Le prolétariat révolutionnaire d’Allemagne s’est détourné du "parlementarisme vénal et corrompu de la société bourgeoise", du "système de l’illusion et de la tromperie". Ce prolétariat a pleinement reconnu le mot d’ordre de combat : "Tout le pouvoir aux conseils !" Il a dû comprendre qu’on ne peut pas "tirer parti" du parlement bourgeois. Il a reconnu les syndicats comme des institutions qui entraînent nécessairement une communauté de travail entre exploiteurs et exploités, et par là sabotent la lutte de classe, et peu importe que ses membres critiquent ceci ou cela.
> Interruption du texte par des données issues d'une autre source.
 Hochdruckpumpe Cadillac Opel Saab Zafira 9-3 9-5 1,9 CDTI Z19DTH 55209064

Le prolétariat révolutionnaire d’Allemagne a dû expier par des montagnes de cadavres d’ouvriers le fait de s’en être remis aux chefs. La Centrale de mauvaise réputation de la Ligue Spartakus a annihilé cette dernière illusion. Le prolétariat en a assez de tout cela, définitivement !

Et maintenant Lénine arrive et il cherche à faire oublier les leçons amères de la révolution allemande et ses propres leçons ? Cherche-t-il à faire oublier que Marx a enseigné que ce ne sont pas les personnes qui sont responsables ? C’est le parlementarisme qu’il faut combattre et non pas l’individu parlementaire !
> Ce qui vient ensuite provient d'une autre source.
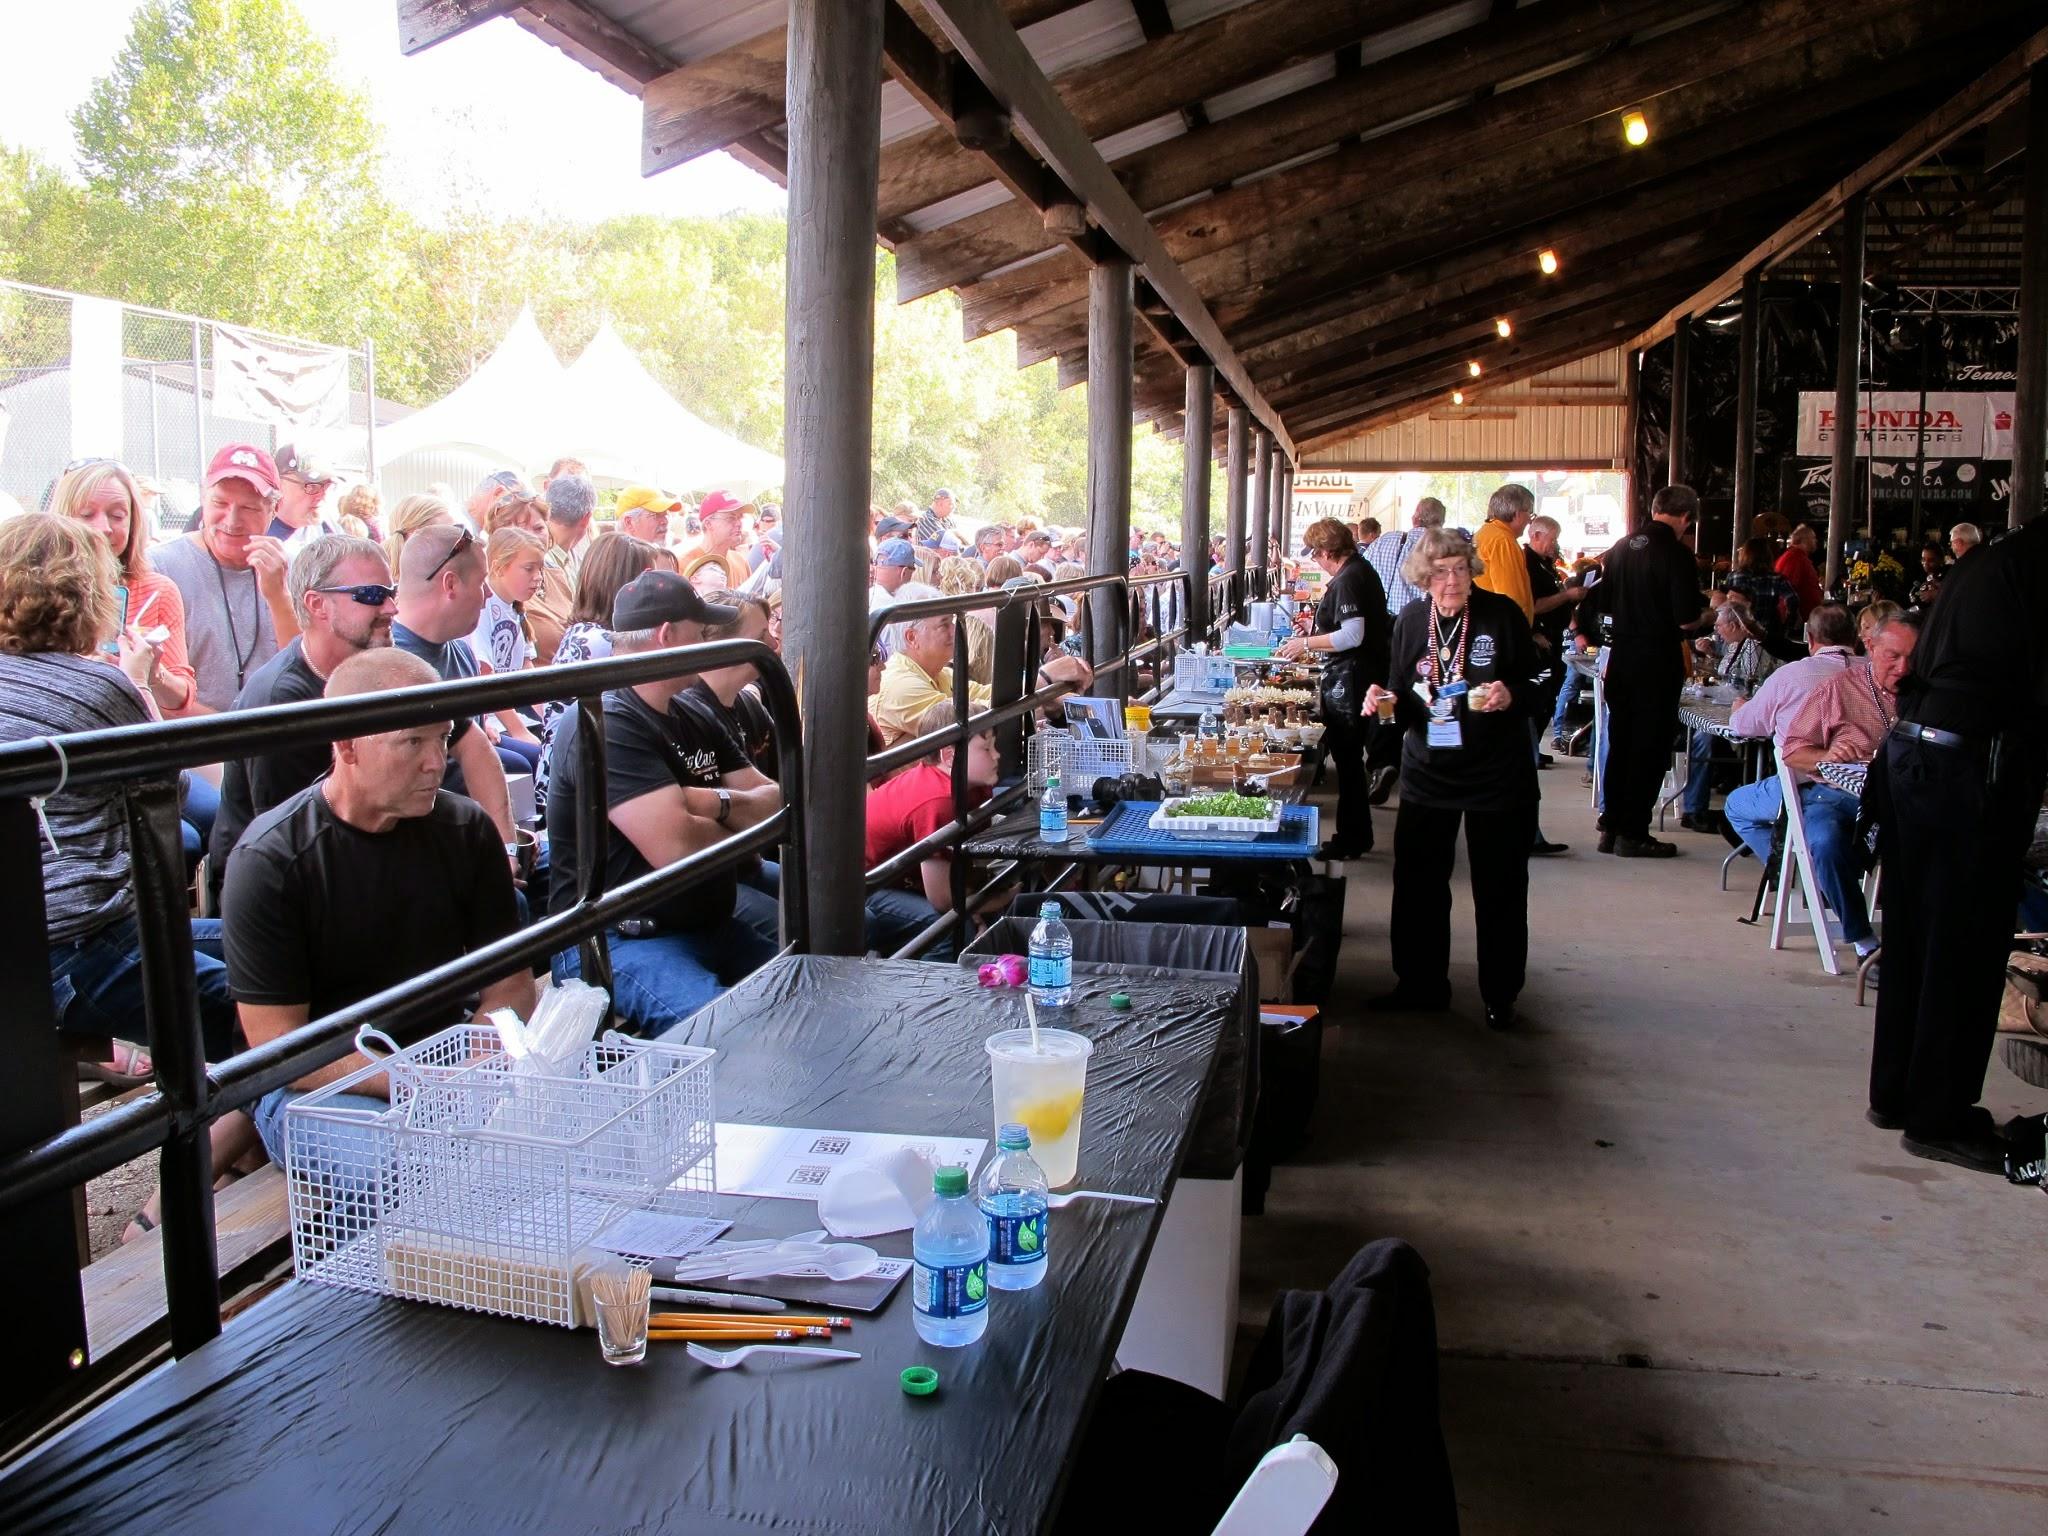 Crowds at Jack Daniel's BBQ Contest

Voilà déjà quelques mois au cours desquels des "communistes" ont siégé au Reichstag. Qu’on lise les comptes rendus parlementaires des sessions puisque Levi-Zetkin "ont tiré parti" de cette tribune "en révolutionnaires, en communistes" (du reste, un verbiage journalistique vide de sens !) ! Vous avez lu les comptes rendus, camarade Lénine. Où est votre "critique la plus violente, la plus implacable, la plus intransigeante" ? En avez-vous donc été satisfait ?...

C’est facile à démontrer ; le KAPD a tiré parti plus efficacement de la "lutte électorale", au sens d’une agitation révolutionnaire, et il a pu en tirer parti plus efficacement que les communistes parlementaires, justement parce qu’il n’avait pas de "candidats" qui couraient après le bétail électoral. Le KAPD a démasqué l’escroquerie parlementaire et a porté les idées des conseils jusque dans les villages les plus reculés. Mais les chasseurs de mandat ont confirmé, durant les quelques mois de leur activité au parlement, que nous avons raison d’être des anti-parlementaires.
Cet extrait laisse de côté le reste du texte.